One tip I don't think I've seen mentioned here: if you have a window unit A/C, they can drip, and attract the little monsters that way. Keep the fresh air vent closed whenever you're not running it, and try to seal the unit in the window as well as possible. If you're on the ground floor or otherwise have access to the back of the unit, you can cover it in a mesh screen to keep bugs out.
posted by the return of the thin white sock at 3:00 PM on July 21, 2016 [1 favorite]


Yep, they are a hot & humid thing. Here in east coast Australia you find them walking up the street on hot summer nights (UGH!) but they get into the house too.
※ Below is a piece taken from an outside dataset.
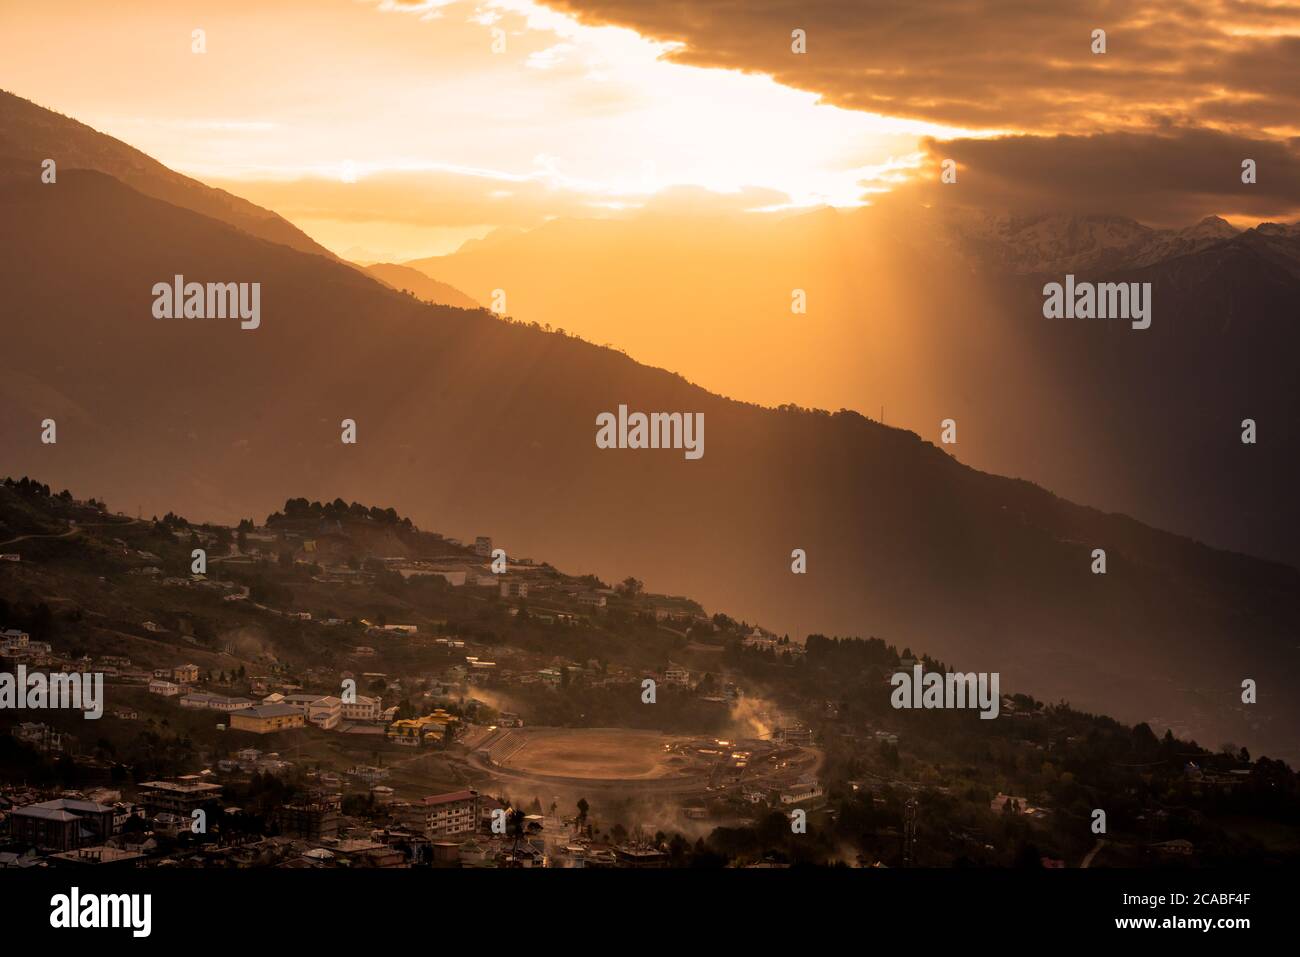 Sunrise over the mountains, scenic sunrise landscape of Tawang town, this town is situated on the foothills of the Himalayas in Arunachal Pradesh in I Stock Photo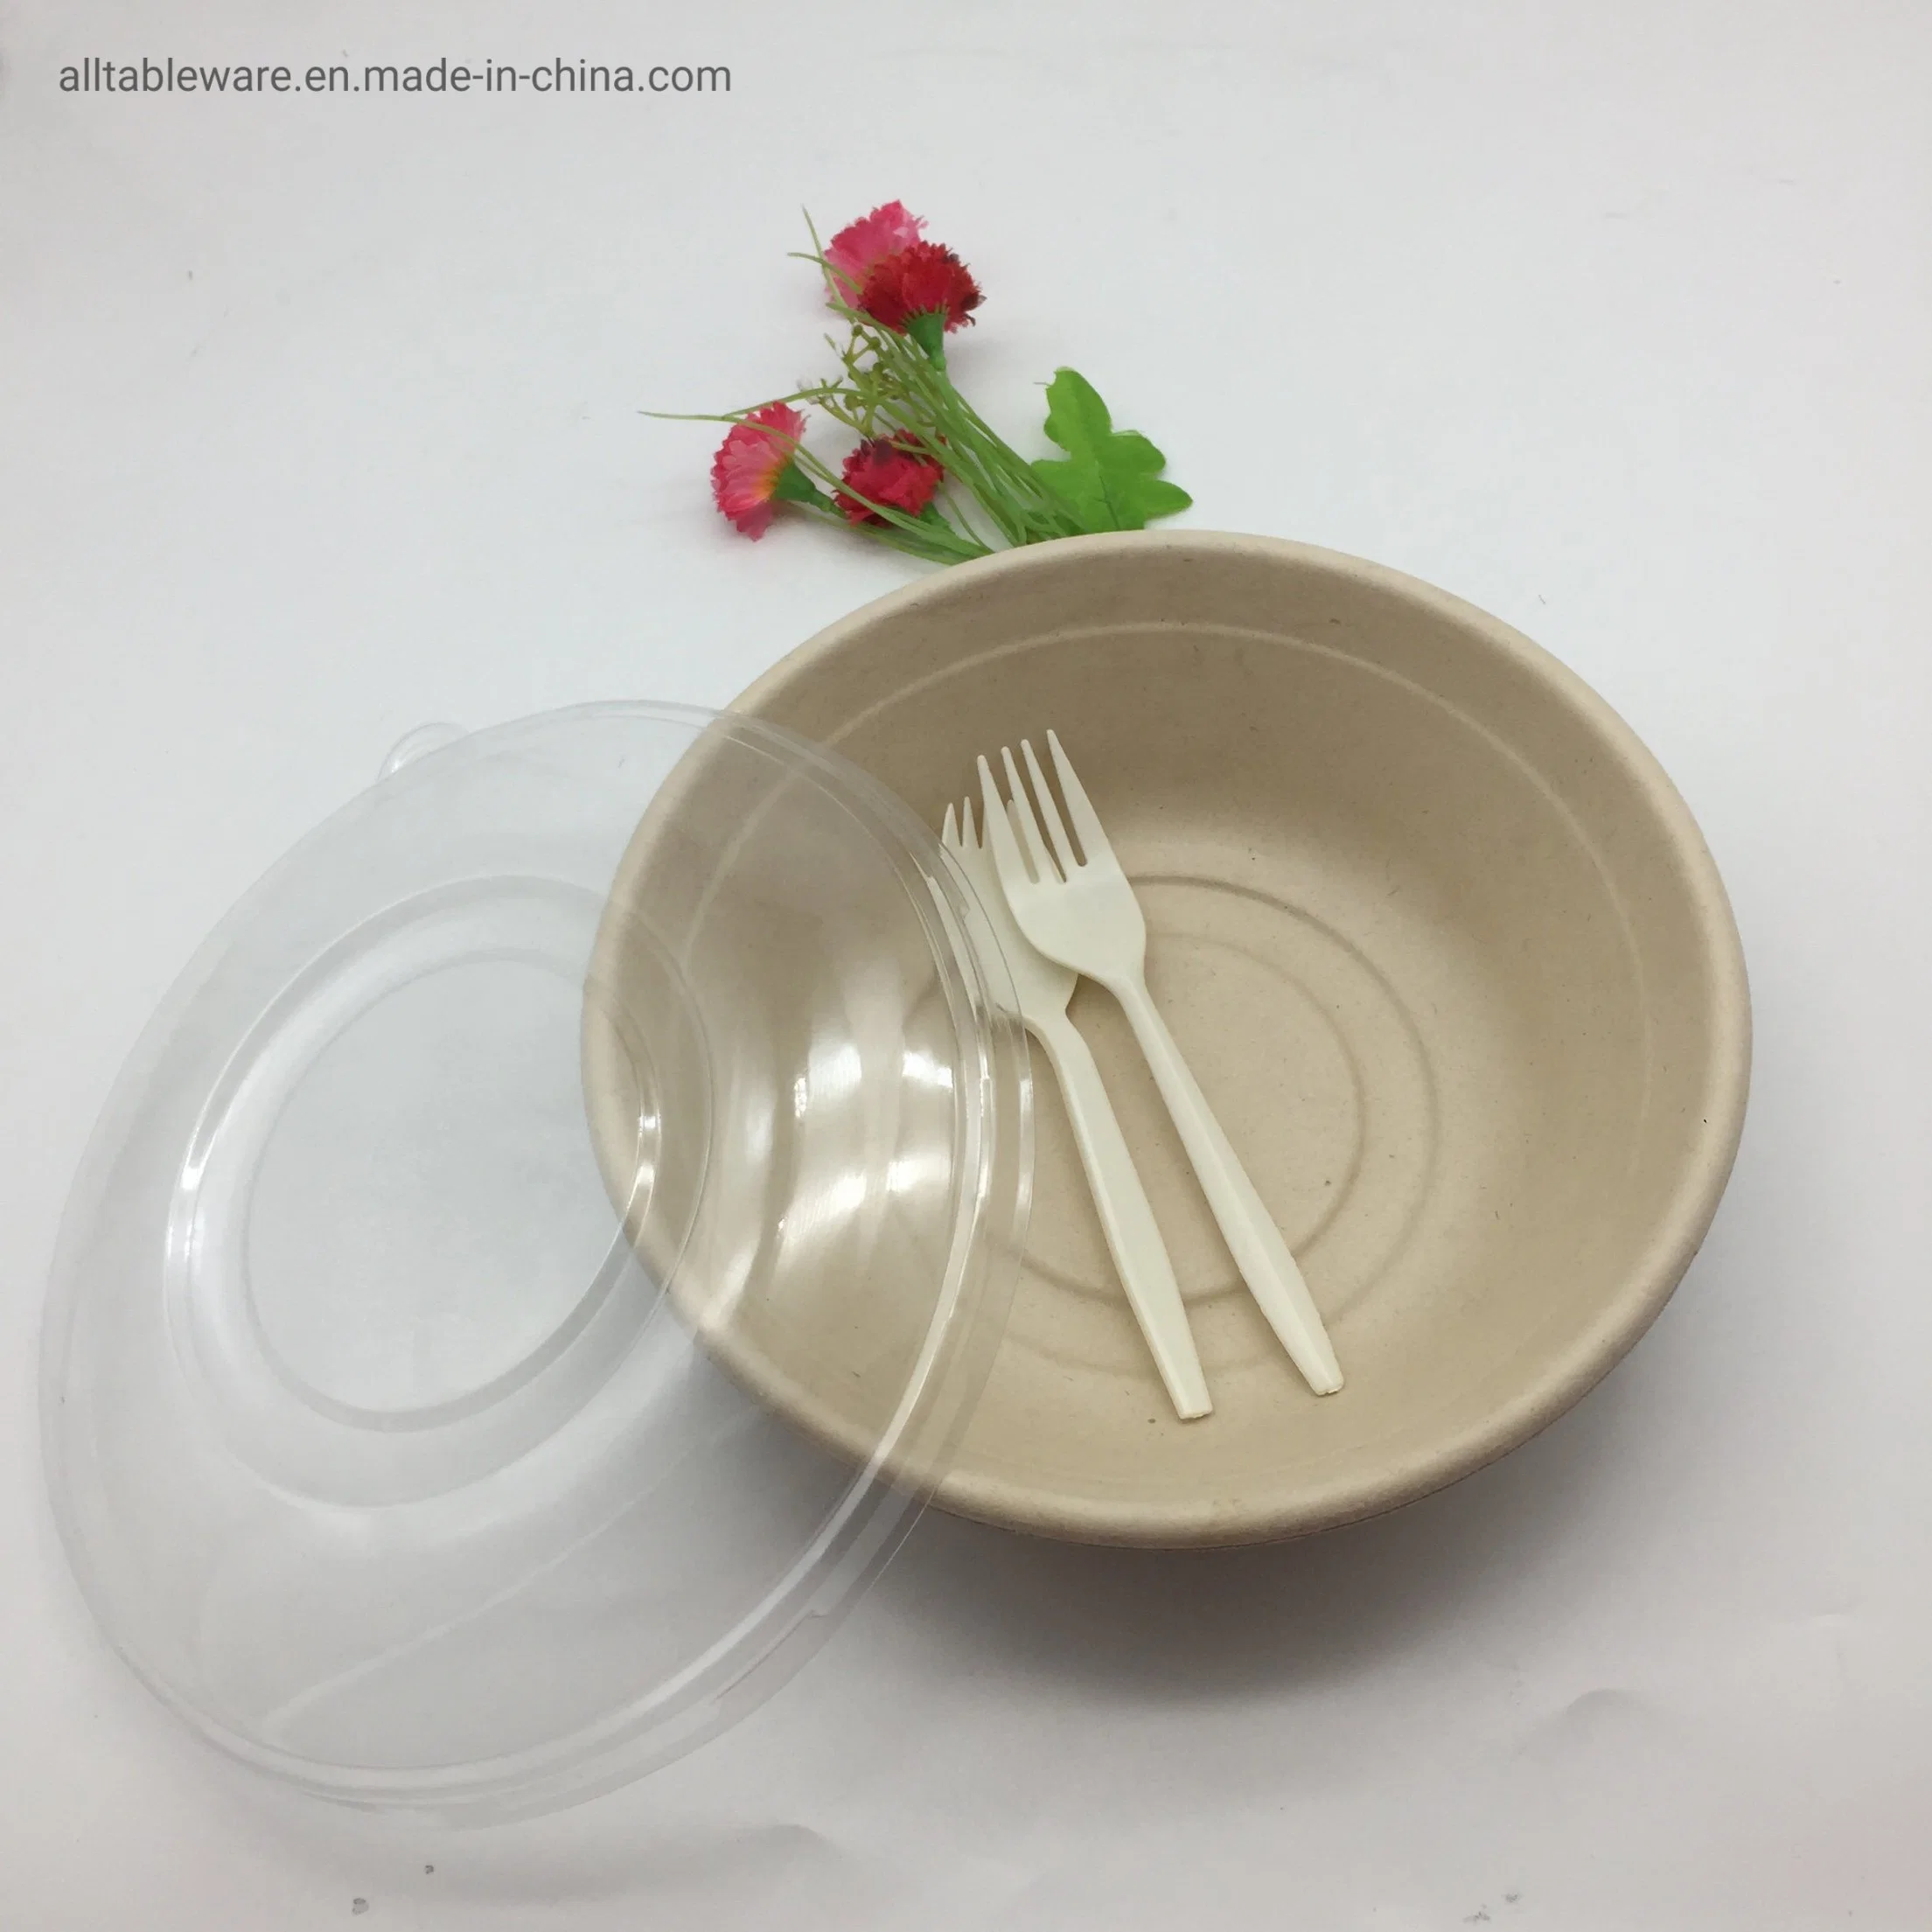 Biodegradable Sugarcane Bagasse 1000ml Round Container of Salad Bowl with Clear Cover

Nothing to do with housekeeping (unlike those little ones).

The cats love them but oh how much I enjoy the colder months when they (bugs) vanish.
posted by kitten magic at 4:41 PM on July 21, 2016


Best answer: That's very...Chicago. Older buildings in particular have, um, things lurking in the depths, especially in damp spots. The University of Chicago had waterbugs that occasionally wandered upstairs into the offices during the warmer months, sometimes resulting in editorial assistants (ahem) committing insecticide with a hardbound copy of the Chicago Manual of Style.
posted by thomas j wise at 4:52 PM on July 21, 2016 [1 favorite]


Okay, then I'm a real outlier. I've lived in the city for 21 years—10 in Logan Square, 11 in Lakeview/Boystown. I've lived in a garden apartment, first floor, second, third, and 16th, and I have never seen one of these bugs indoors (just in the basement laundry area of a place I lived in). Crazy. Hope my luck never runs out.
posted by heyho at 5:59 PM on July 21, 2016


They are definitely not just a Chicago thing. I live in New Orleans and find at least one dead roach belly up every morning (thank god for cats). It's definitely not indicative of bad housekeeping, and as long as you only find the big daddy ones versus babies, it's not a sign of an infestation. They just come in the house, like spiders and other critters.

My cats seem to keep them from living very long once they get into my house. Now if I could only train them to pick them up and throw them away after they're dead....
posted by tryniti at 6:13 PM on July 21, 2016


Mix half borax with half sugar.... Make little piles and sprinkle around the Windows, etc. put small piles in dark places. they will come out for the sugar and be poisened. This is 7th generation Atlantan advice. We have them constantly. I'm probably related to a few.
posted by pearlybob at 12:07 AM on July 22, 2016


Ugh we have these in Philadelphia. I have a squirt bottle with bubbles (the kind kids use to play with) and that seems to kill them.
posted by WeekendJen at 6:19 AM on July 22, 2016


Best answer: Urban thing. These guys don't really infest houses the way the little brown ones do; they're basically lost. They're attracted to damp/wet places (storm drains are heaven for them) but in really humid weather they're like "hey, everywhere is good!"

There's possibly a tiny tiny tiny drip somewhere behind a wall where some moisture is gathering, but unless it's enough to cause a gross smell, it's probably not worth worrying about.